> What is needed: Your answer must be an exact repeat of the lines from the one containing "XX市XXX网络科技有限公司组织架构图" through the last line of the records, both included, with no pictures.

Stored records
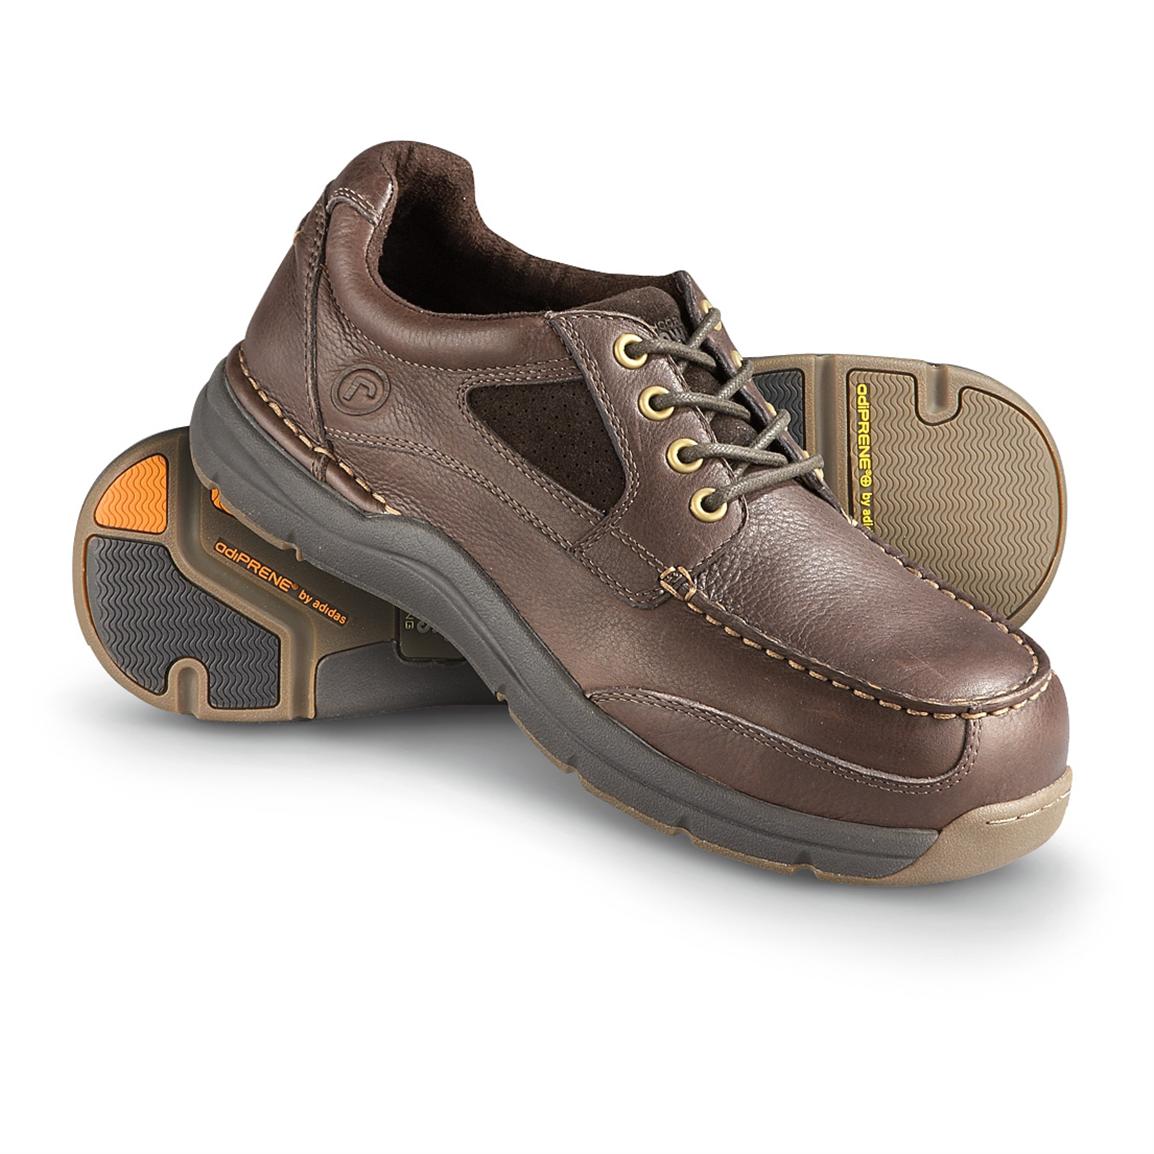 Men's Rockport Works Sea Master Work Shoes, Brown - 578615, Boat ...
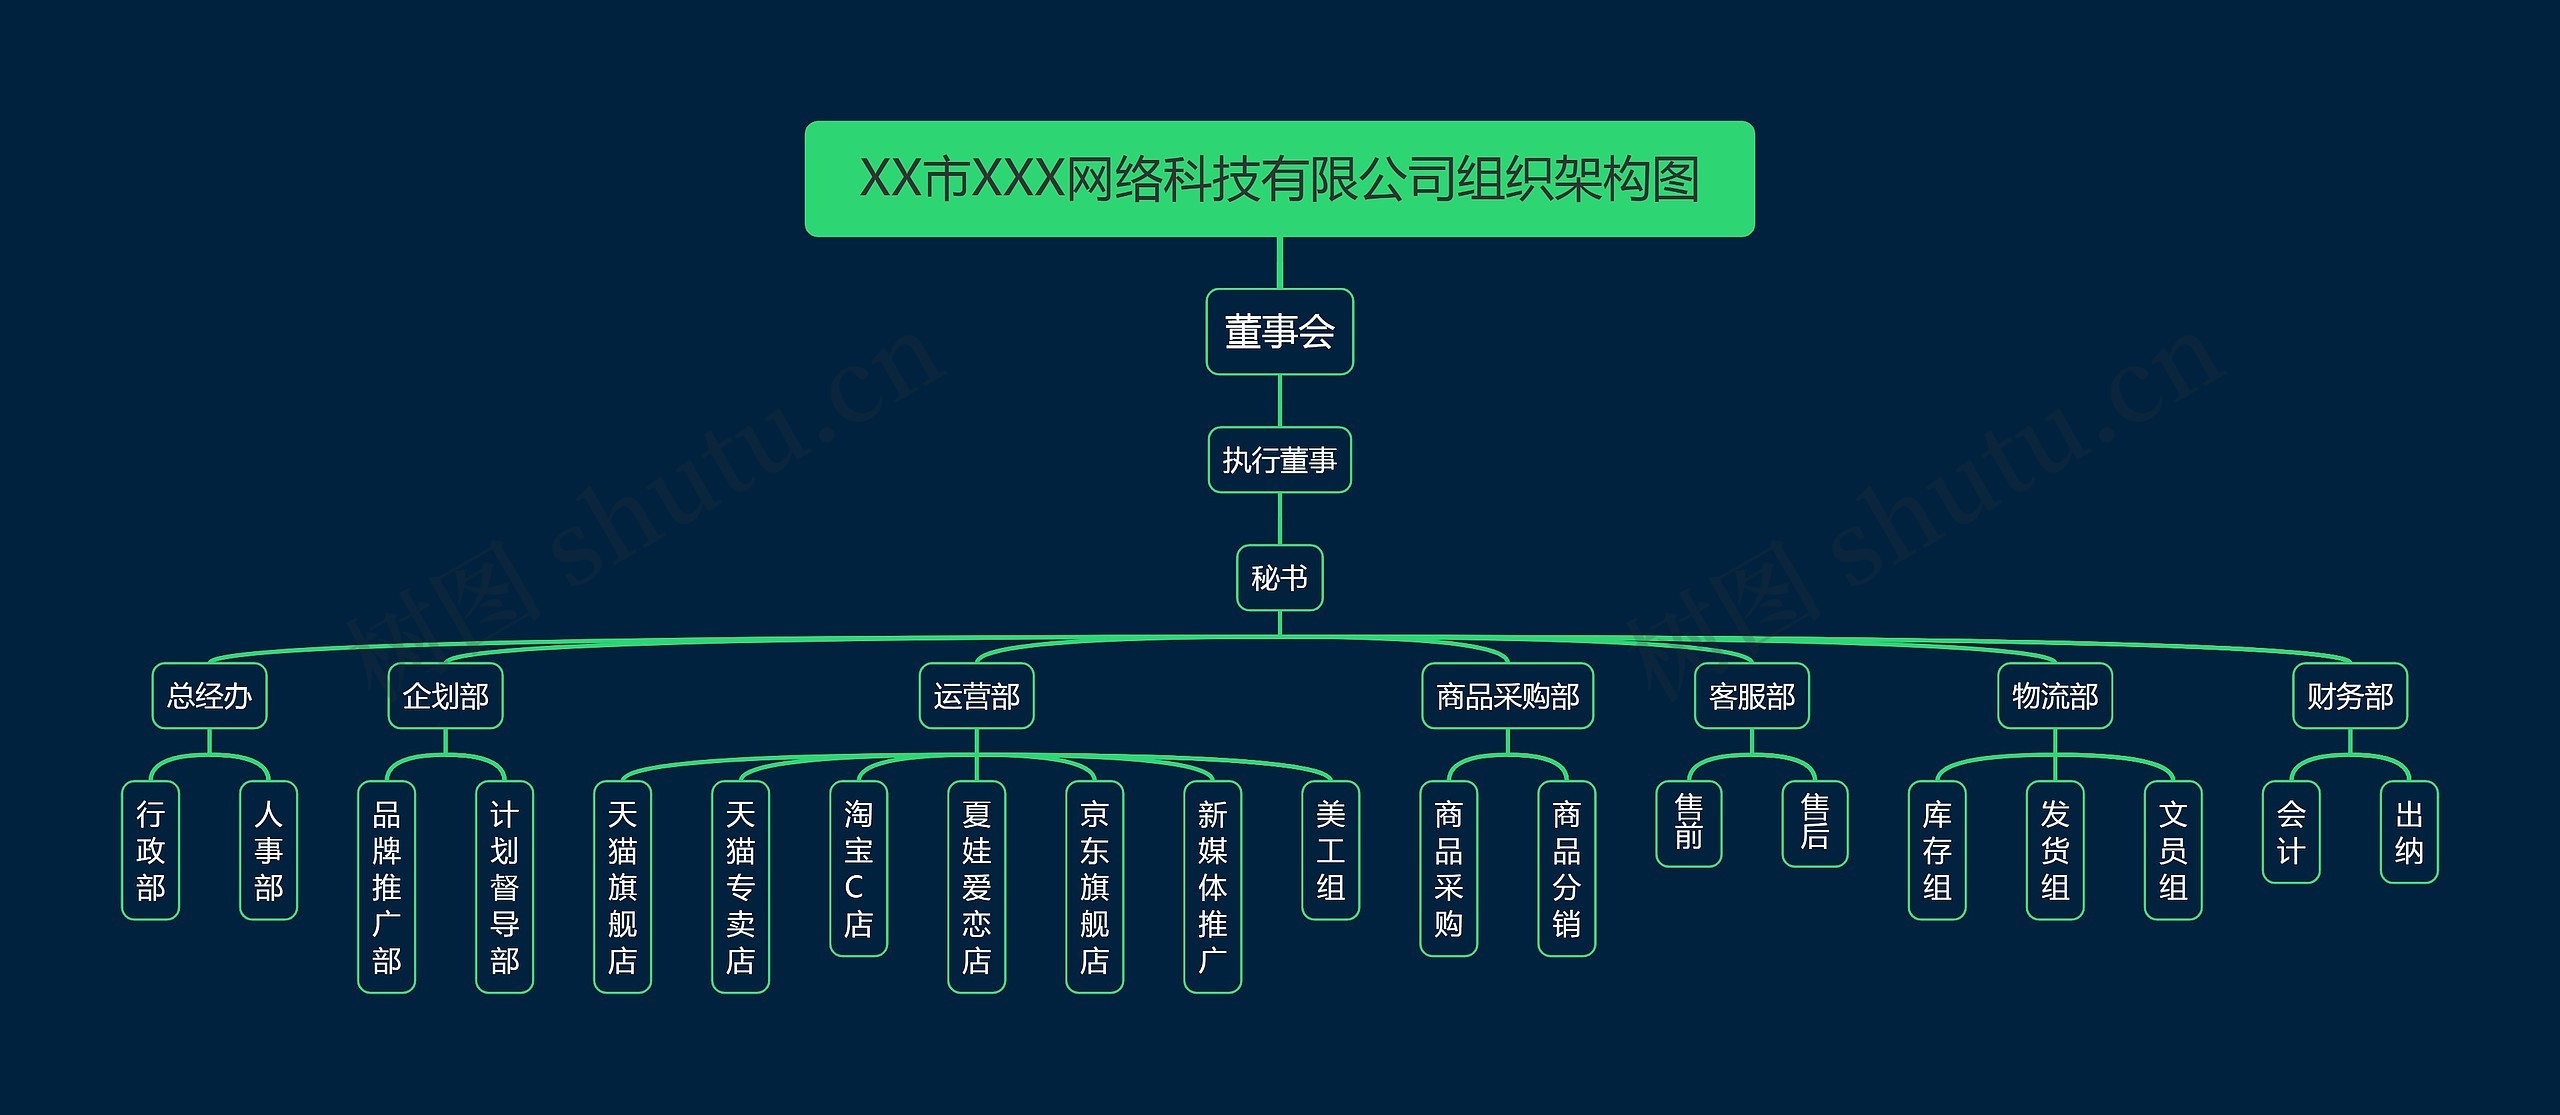 XX市XXX网络科技有限公司组织架构图
思维导图
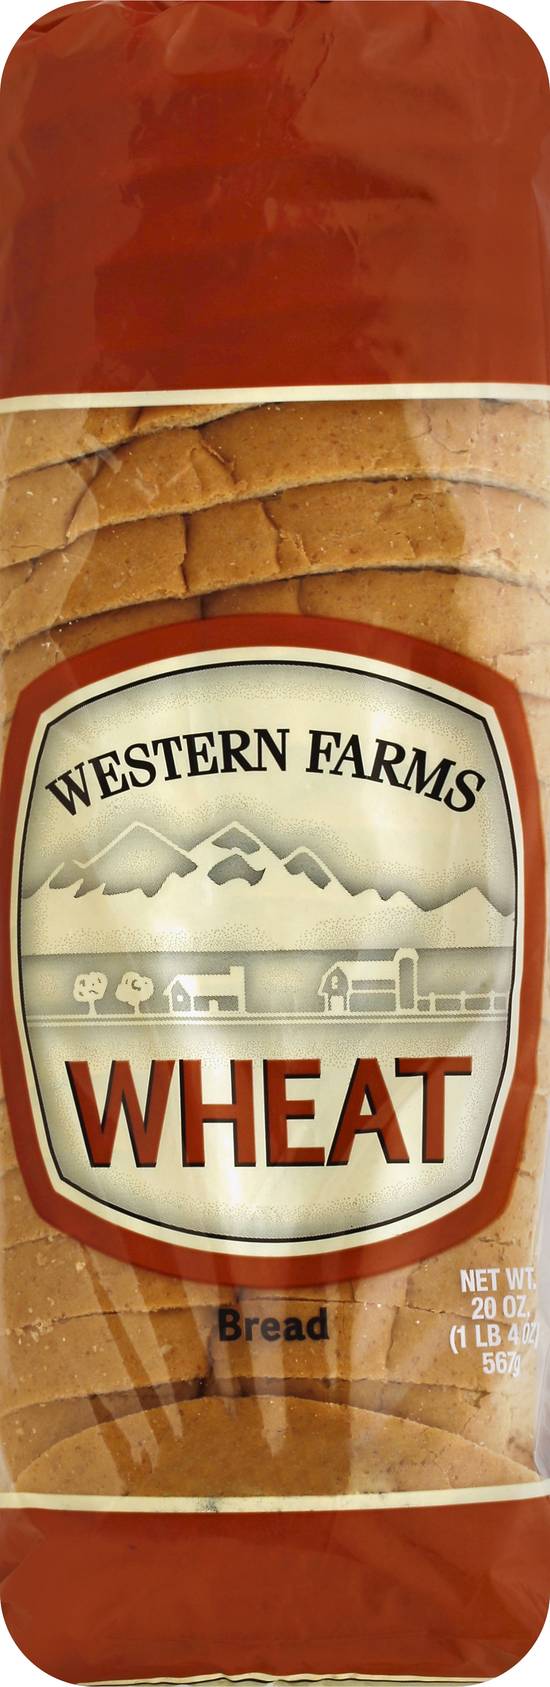 Western Farms Wheat Bread (20 oz)
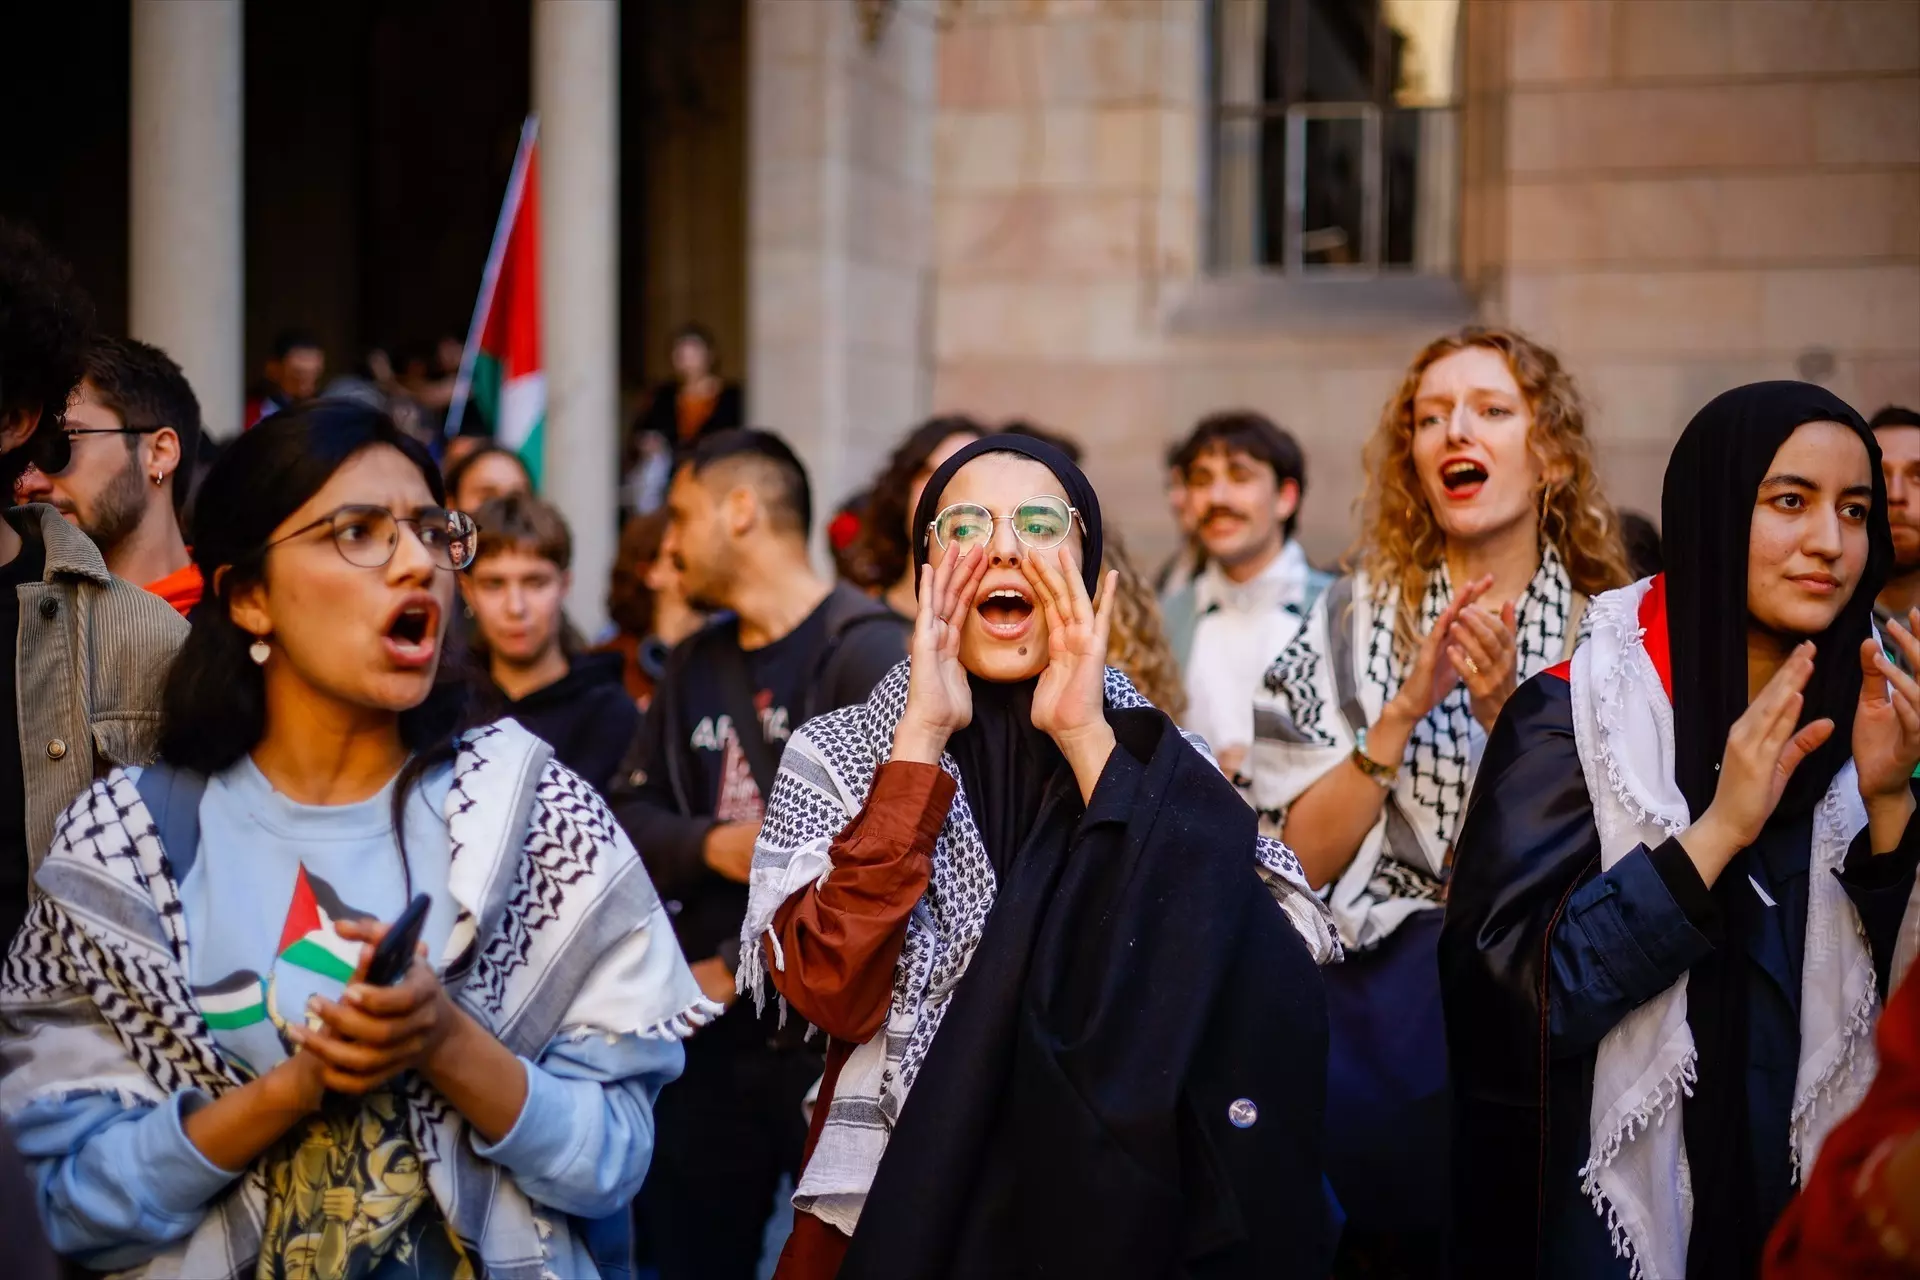 Estudiantes protestan contra el genocidio de Israel en Gaza en la Universitat de Barcelona. — Kike Rincón / Europa Press

> Response box:
 XX市XXX网络科技有限公司组织架构图
思维导图
 Western Farms Wheat Bread (20 oz)
 Estudiantes protestan contra el genocidio de Israel en Gaza en la Universitat de Barcelona. — Kike Rincón / Europa Press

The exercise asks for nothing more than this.